## Supplied records
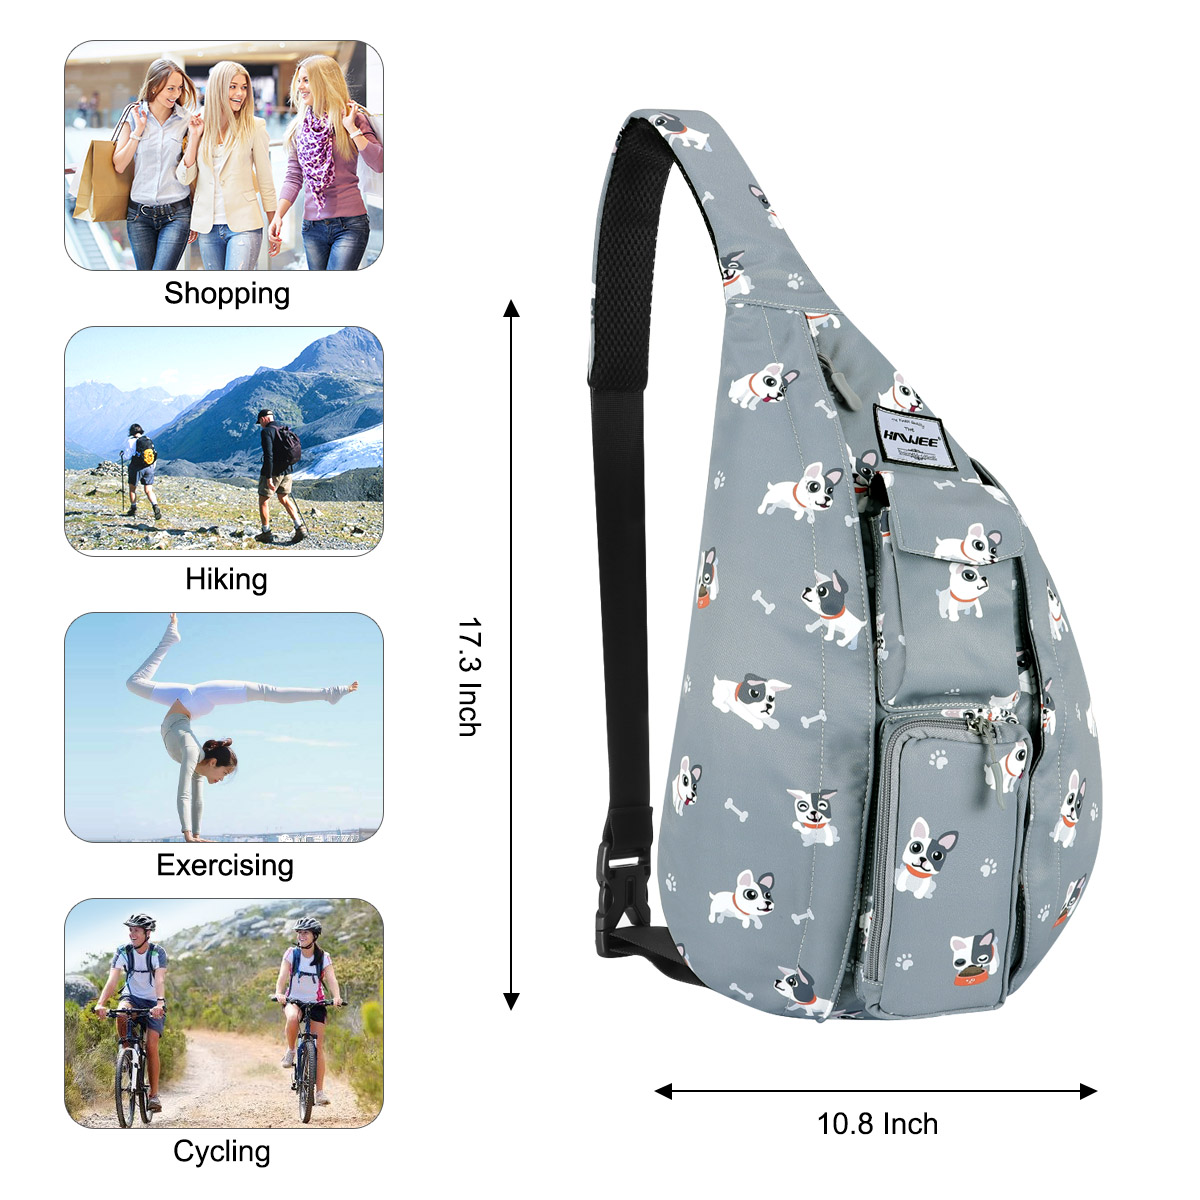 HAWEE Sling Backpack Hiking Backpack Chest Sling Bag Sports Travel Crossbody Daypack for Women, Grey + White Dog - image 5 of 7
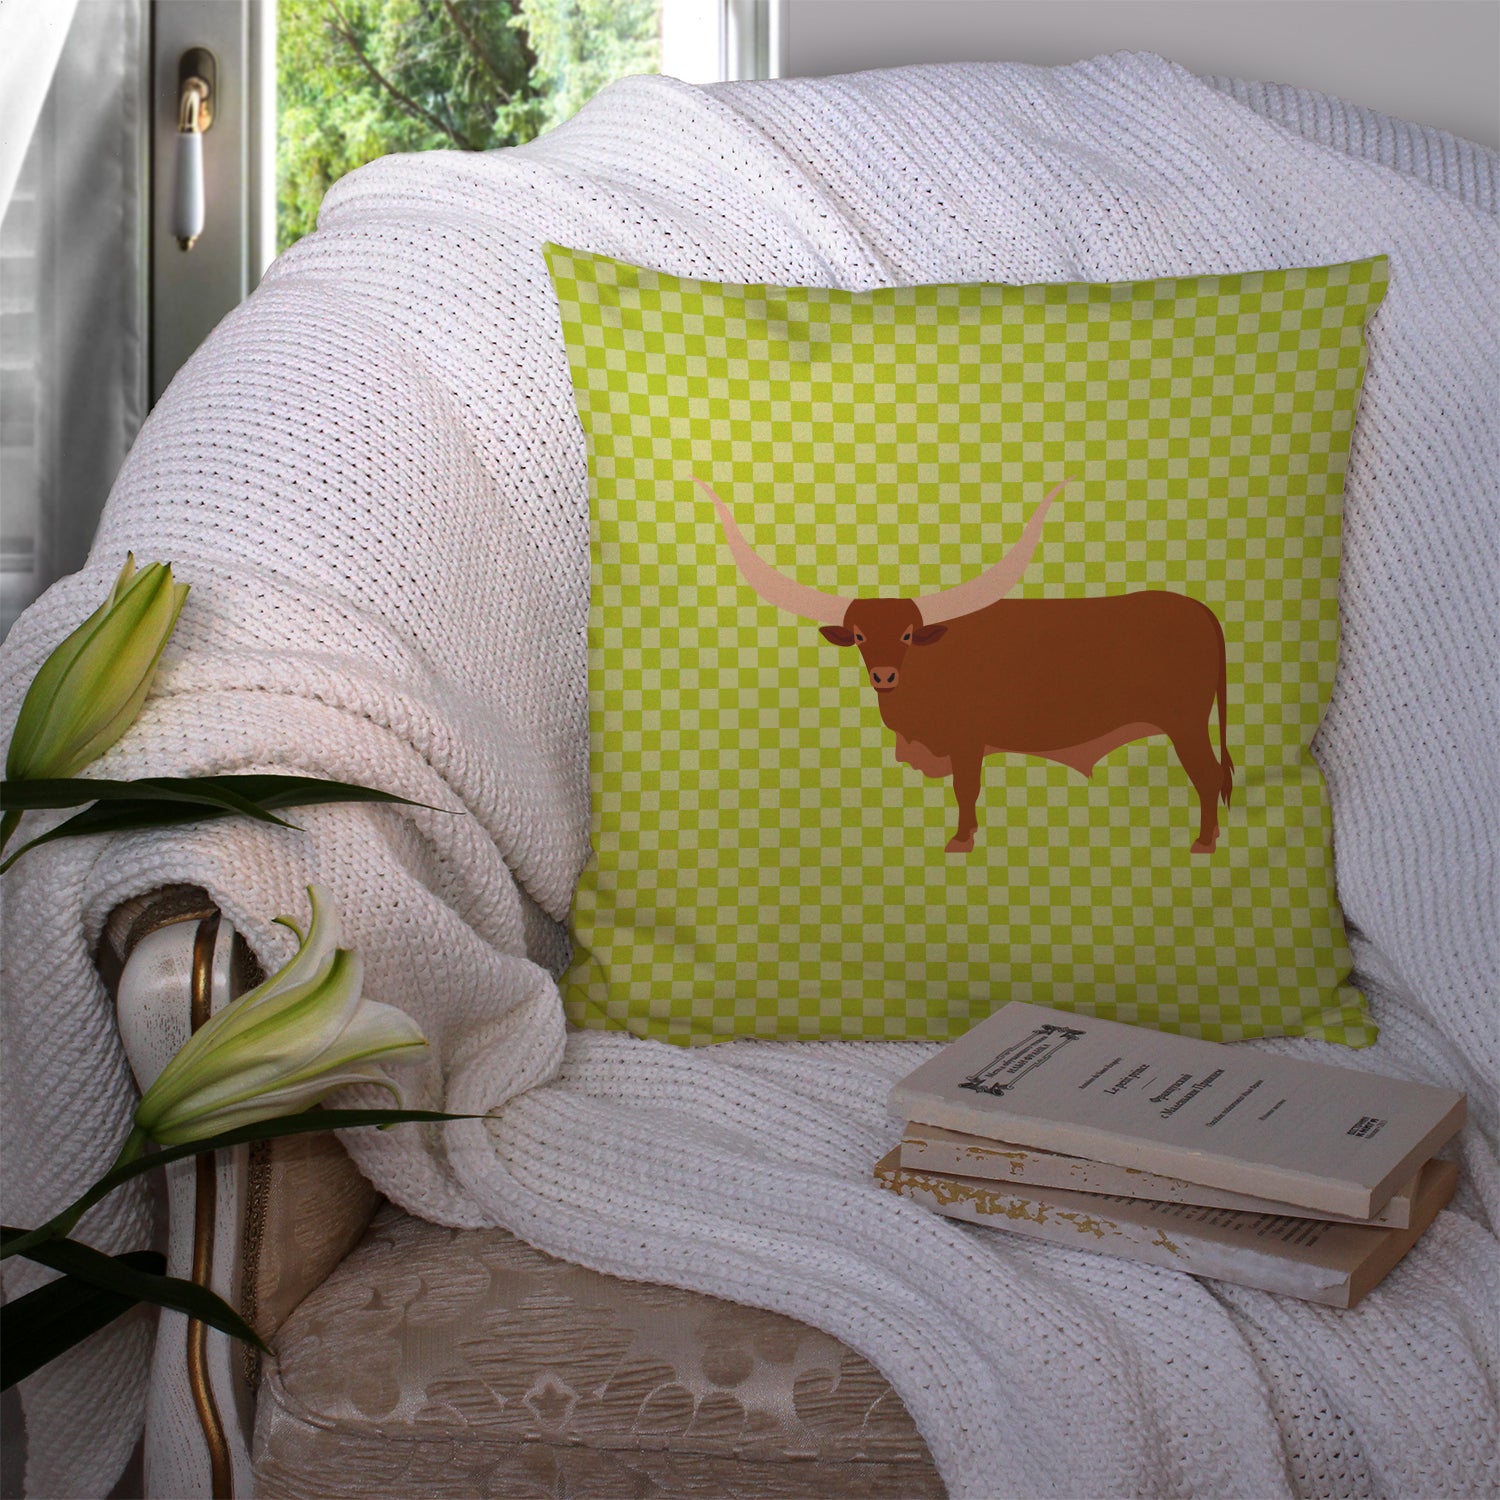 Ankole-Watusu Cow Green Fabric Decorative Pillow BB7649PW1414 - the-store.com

---

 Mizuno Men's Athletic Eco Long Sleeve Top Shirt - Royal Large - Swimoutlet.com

* * *

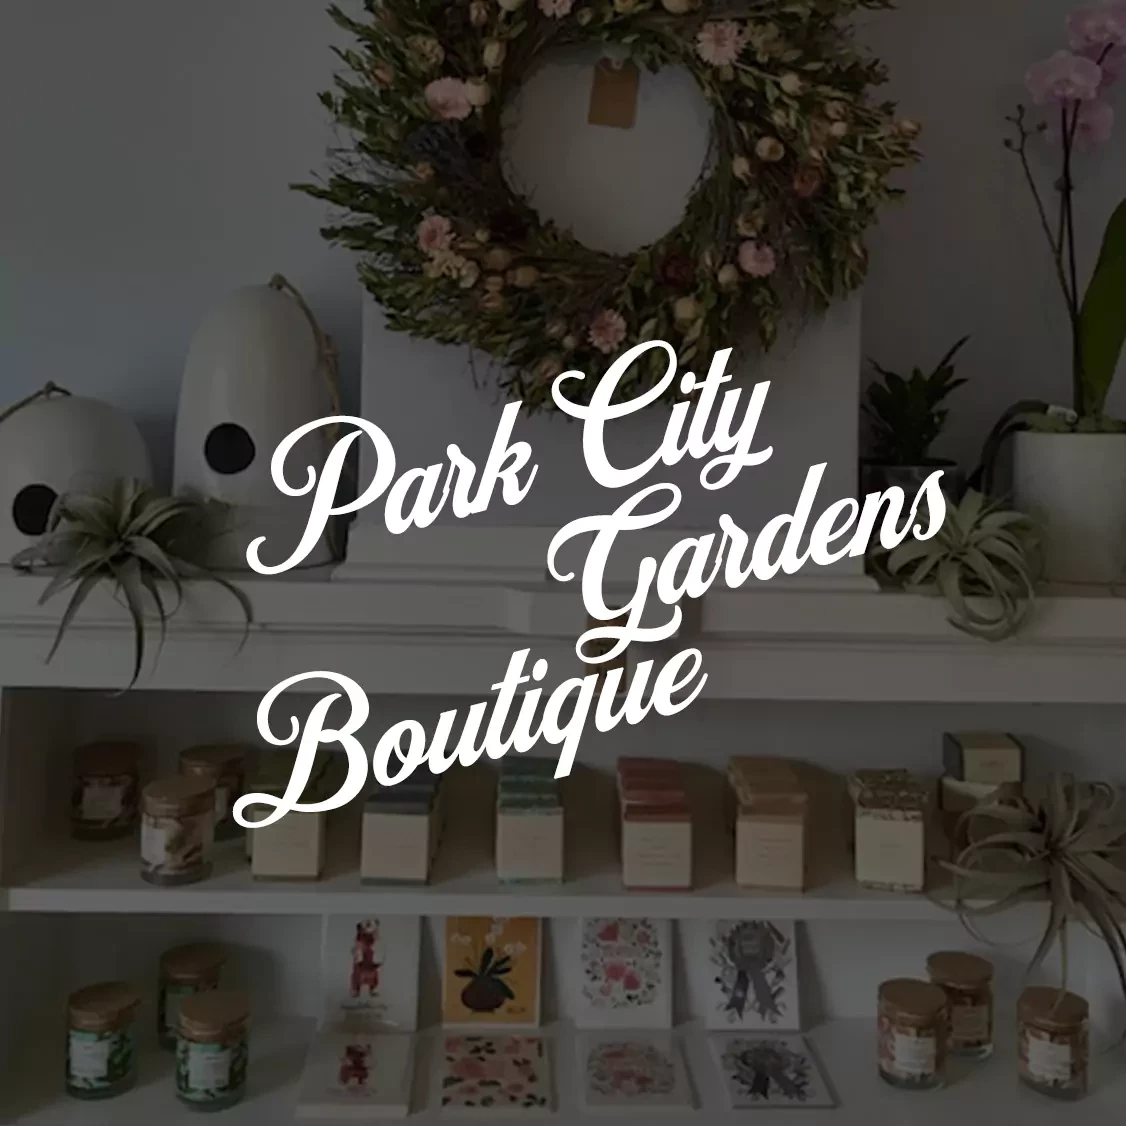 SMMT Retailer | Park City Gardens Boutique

## Problem statement
Within the listing above, write out the stretch from the line with "HAWEE Sling Backpack" through the line with "Ankole-Watusu Cow Green" exactly. Any pictures are to be left out.

## Written answer
 HAWEE Sling Backpack Hiking Backpack Chest Sling Bag Sports Travel Crossbody Daypack for Women, Grey + White Dog - image 5 of 7
 Ankole-Watusu Cow Green Fabric Decorative Pillow BB7649PW1414 - the-store.com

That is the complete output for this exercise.